▸ **Instructions for the task**
Your answer must be an exact copy of the listing that follows, with all pictures omitted.

▸ **Data shown**

◇ ◇ ◇

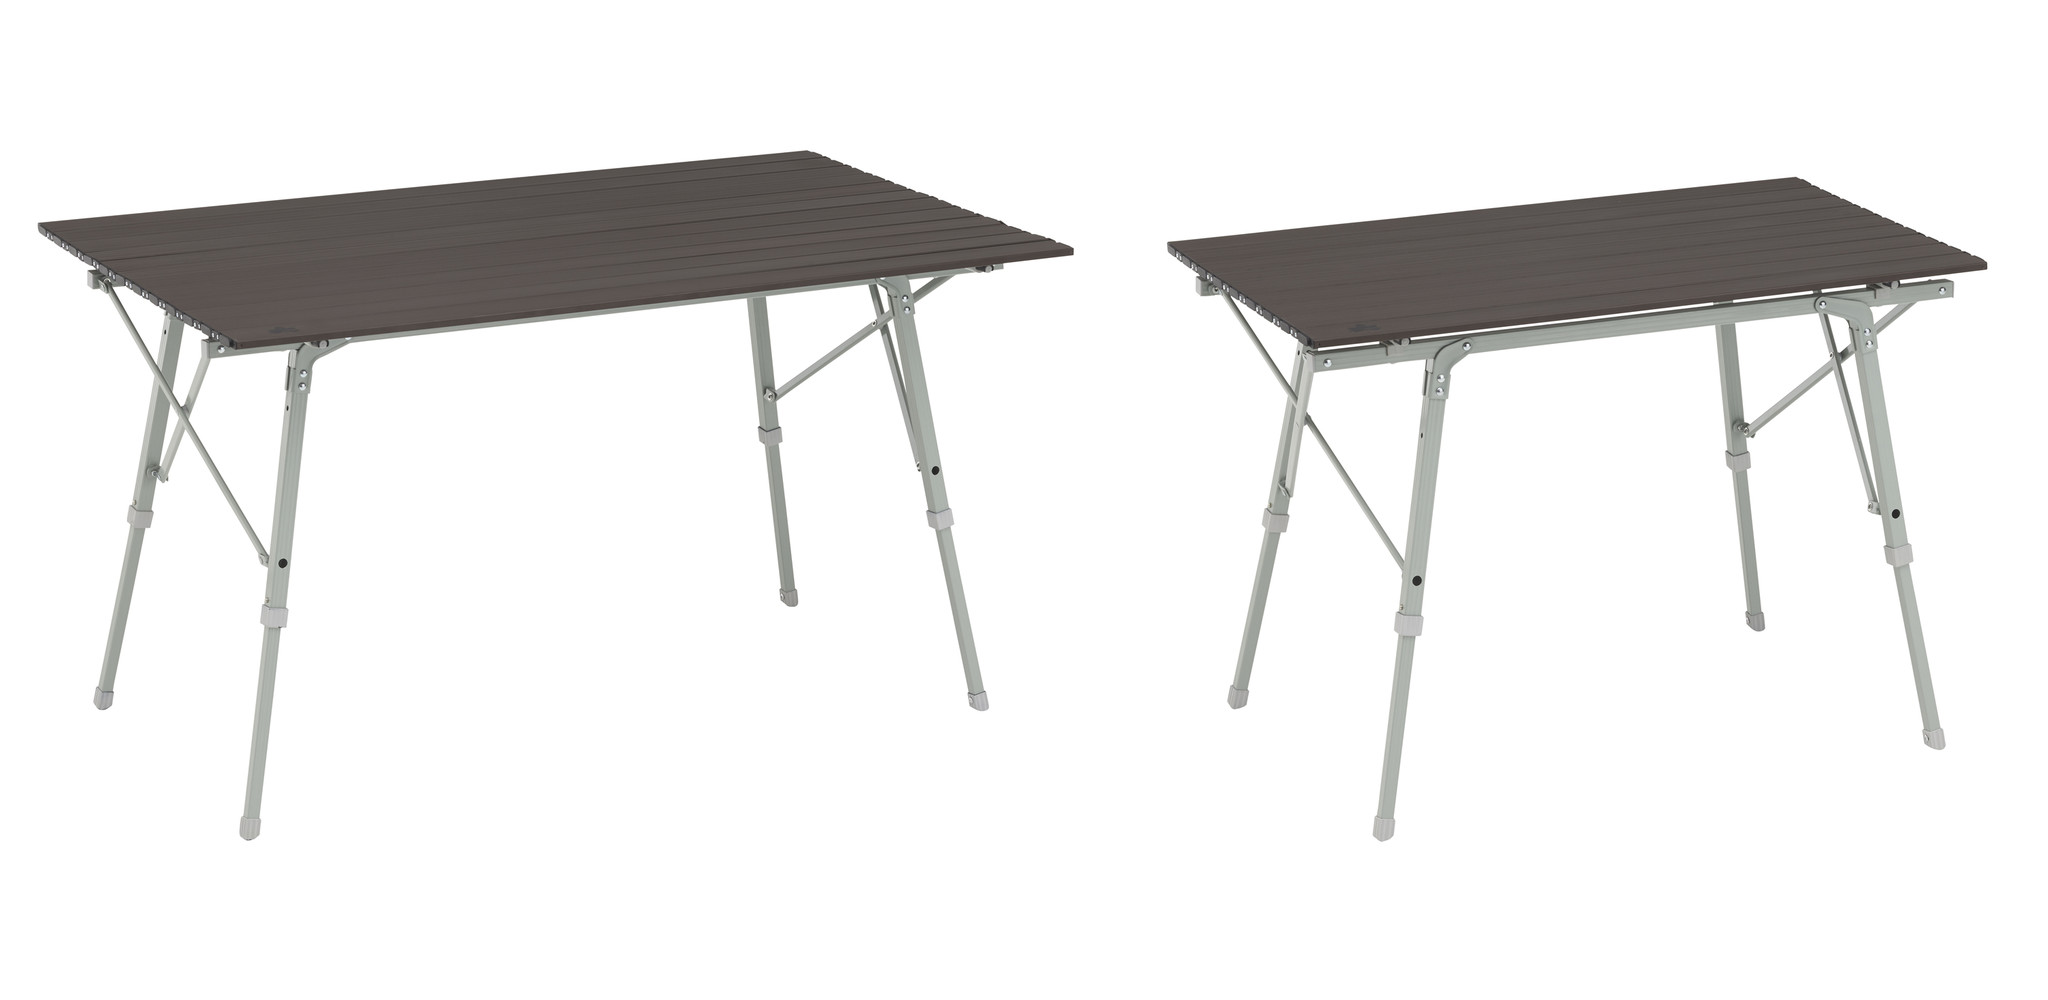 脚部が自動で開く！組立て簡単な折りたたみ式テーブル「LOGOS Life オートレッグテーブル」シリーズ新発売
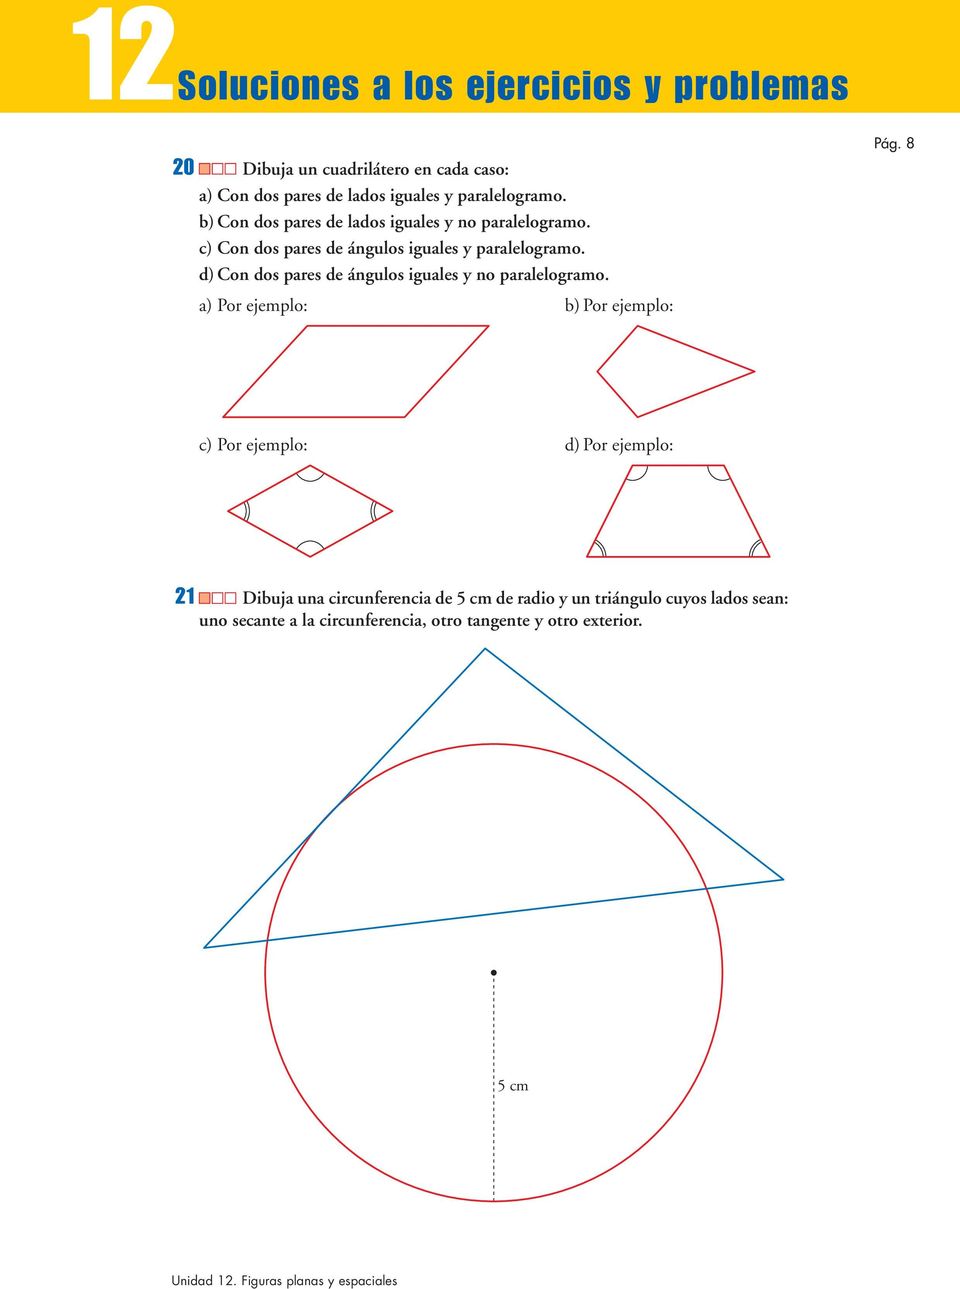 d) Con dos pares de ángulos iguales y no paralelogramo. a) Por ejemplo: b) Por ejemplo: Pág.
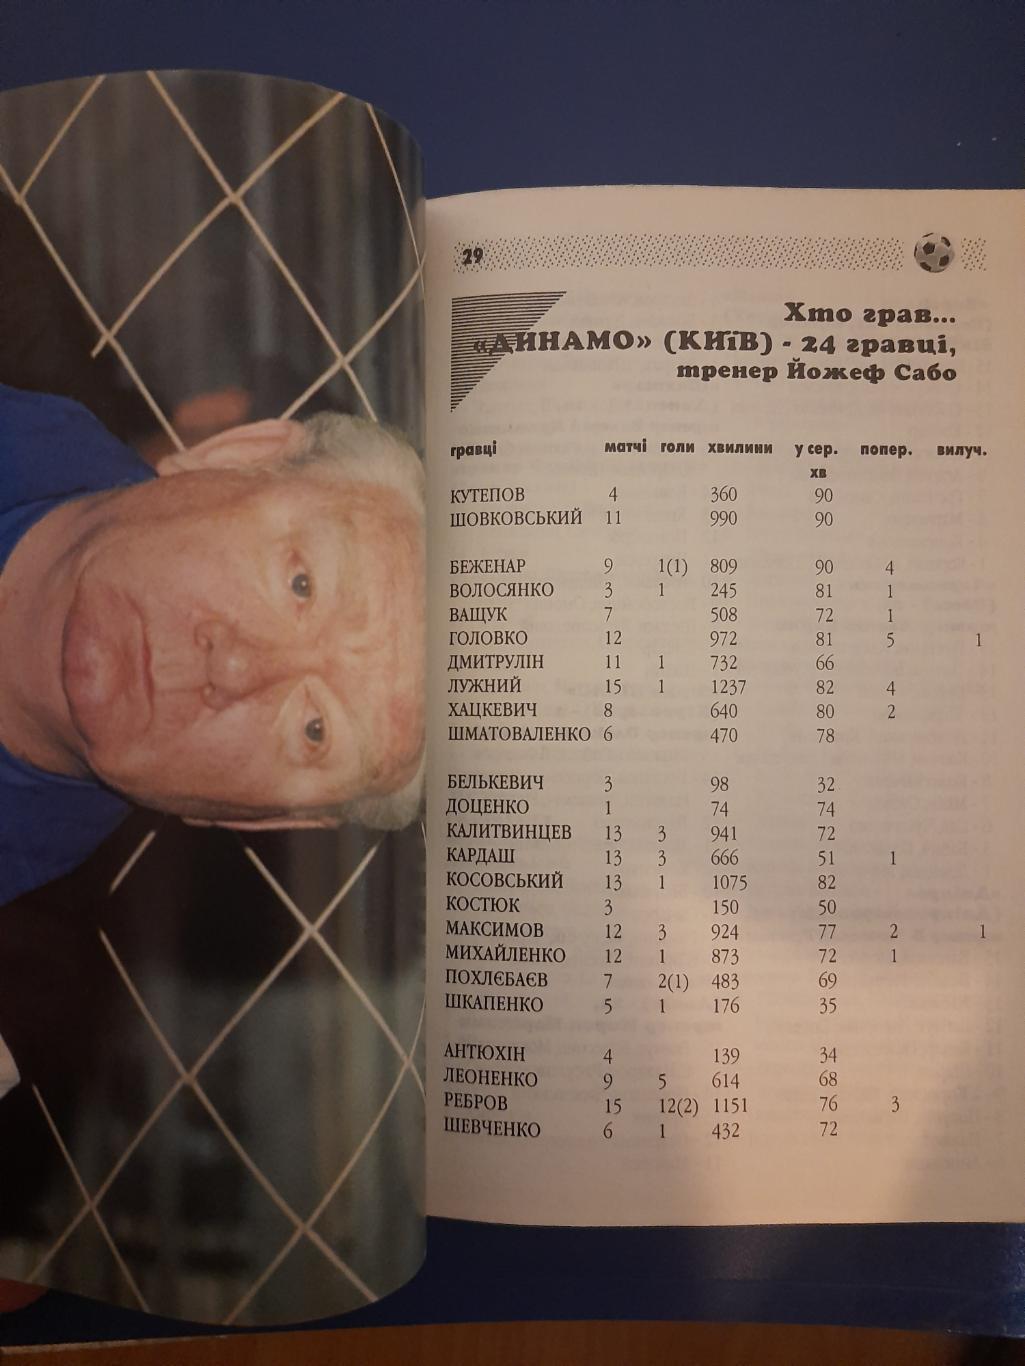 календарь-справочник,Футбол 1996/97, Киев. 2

◇ ◇ ◇

▸ **Completed exercise**
 脚部が自動で開く！組立て簡単な折りたたみ式テーブル「LOGOS Life オートレッグテーブル」シリーズ新発売
 d) Con dos pares de ángulos iguales y no paralelogramo. a) Por ejemplo: b) Por ejemplo: Pág.
 календарь-справочник,Футбол 1996/97, Киев. 2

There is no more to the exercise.